The Health and Wellness Expo is an evolution of the former Senior Living Expo, and health information fairs sponsored by local health providers, organizer Tera Redwine said. "It's a joint community effort" to bring health and fitness information to Grant County residents, she said. "Stay active, live well and be well," she said.

Money raised through the quilt raffle will be used to help pay for the center's nutrition program, Director Carry Liles said. The nutrition program is one of many activities-programs-events at or sponsored by the senior center, she said.

The nutrition program offers lunch every weekday (holidays excepted) at the senior center, 608 East Third Ave. The center also delivers meals to people who can't leave their homes throughout Grant County, including Moses Lake, Ephrata, Quincy, Warden, Royal City, Soap Lake, Wilson Creek, George and Beverly, Liles said.

And what else goes on at the senior center? "OK, here we go," Liles said.

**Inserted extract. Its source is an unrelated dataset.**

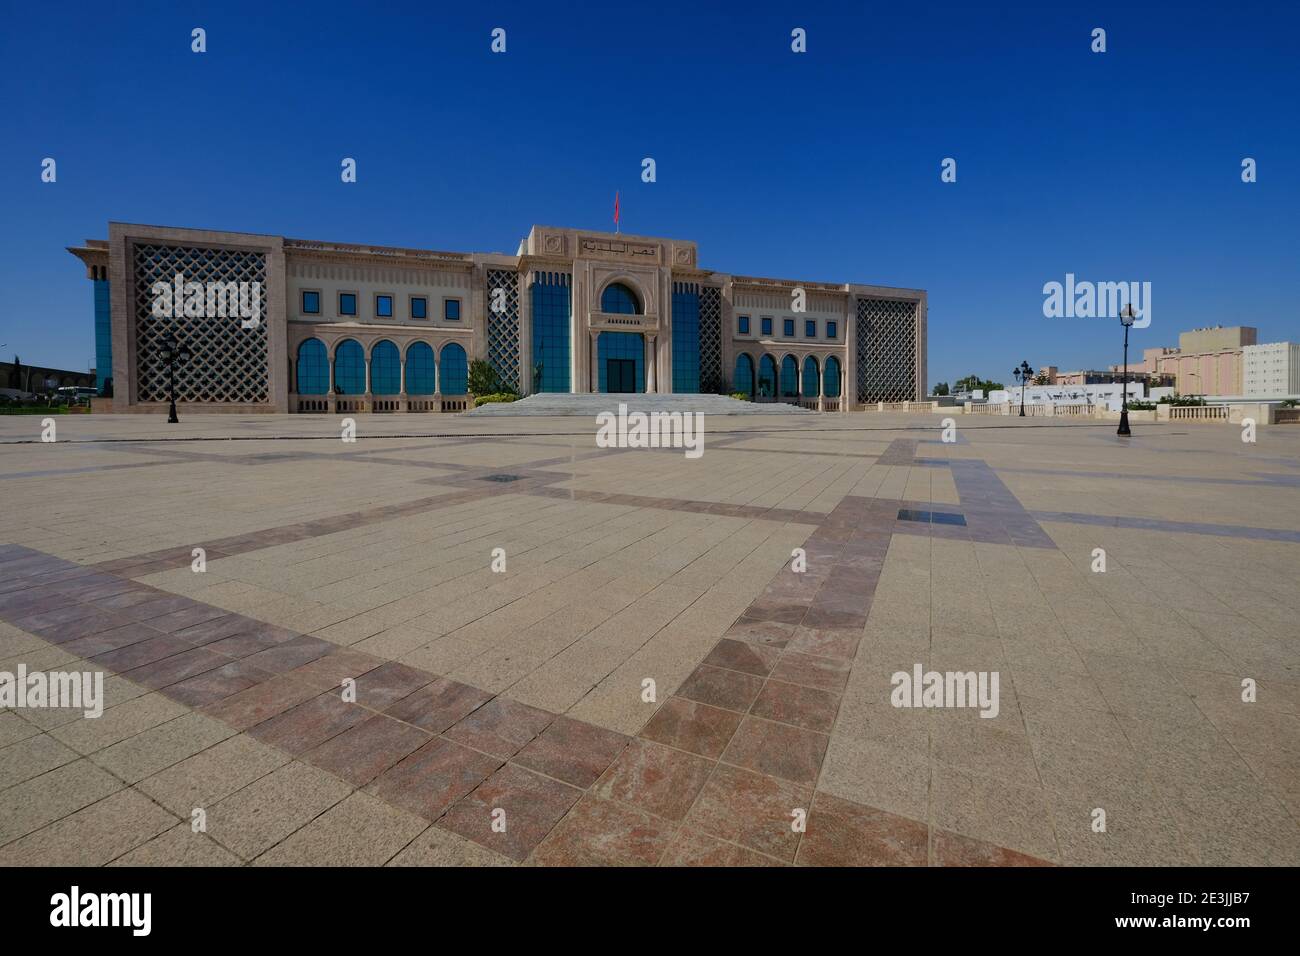 Facade of the city hall building in Tunis, Tunisia. Stock Photo

The senior center has a fundraising thrift store, and is a distribution site for the Feed America program sponsored by Second Harvest, Spokane, 11 months of the year. Then there's the bridge and pinochle clubs, the coffee club, the pool players, the bingo players, two different exercise programs, the computer room, the Thursday night dance, the visits from a podiatrist, a visit from a dental hygienist, the safe driving program. That's it - no, wait, there's a yearly picnic for senior center members. "A senior can come into this building and find something to do at all times," Liles said.

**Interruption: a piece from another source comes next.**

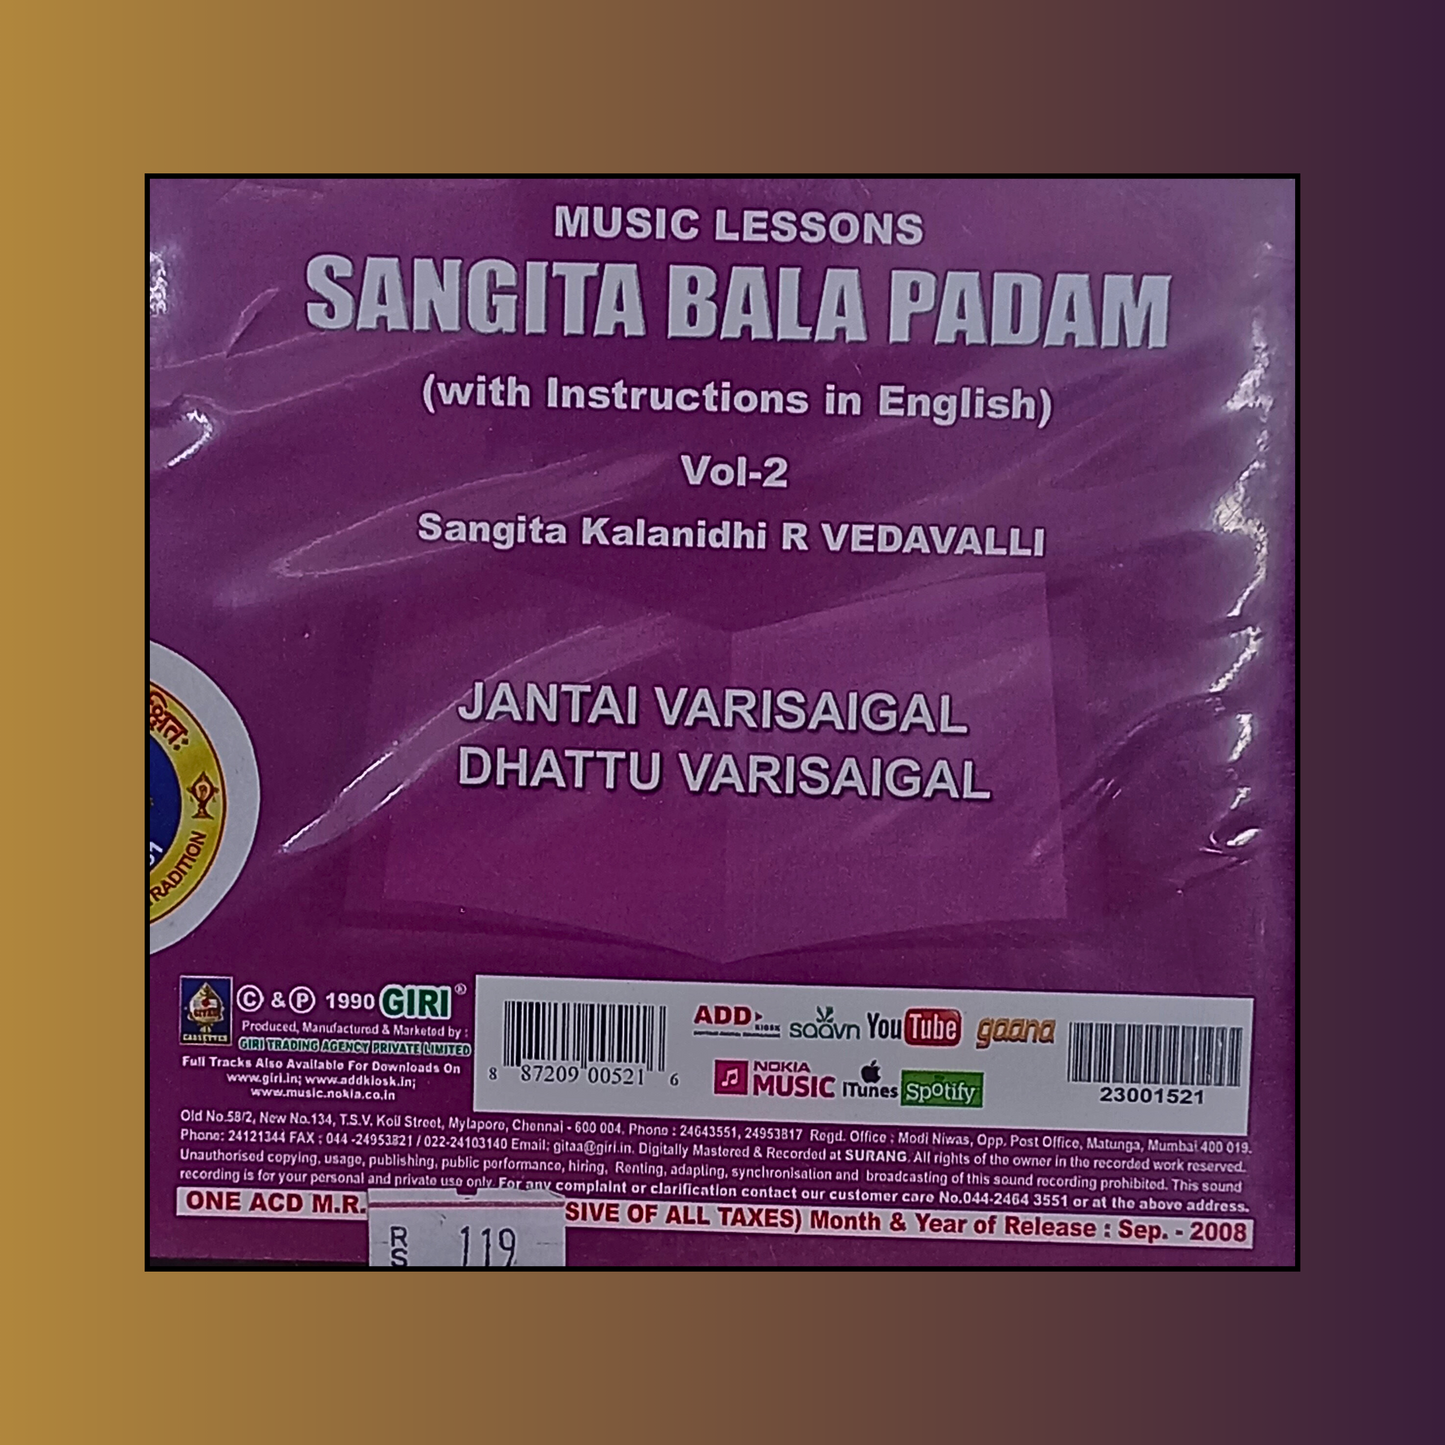 Sangita Bala Padam Vol 2 English - CD Player

That's just activities sponsored by the senior center. A square dance club meets at the senior center, and the Humane Society holds its annual spaghetti feed there. The Desert Artists hold meetings at the senior center, and so does a TOPS (Taking Off Pounds Sensibly) chapter, an AARP chapter, quilters and needle crafters (knit and crochet).

In addition, "we keep this building rented out," Liles said. It's available for weddings, receptions, bridal and baby showers, birthday parties, other events, she said.

"We answer a lot of questions for a lot of people," Liles said, people who are looking for services, or need direction to a charitable organization. The senior center also sells bus tickets, both for the Grant County Transit Authority and People to People systems.

The senior center is open from 7 a.m. to 5 p.m. Monday through Friday. Membership is $20 per year and is open to anybody age 18 or older. The attached thrift store is open the same hours as the senior center and from 9 a.m. to 3 p.m. Saturday.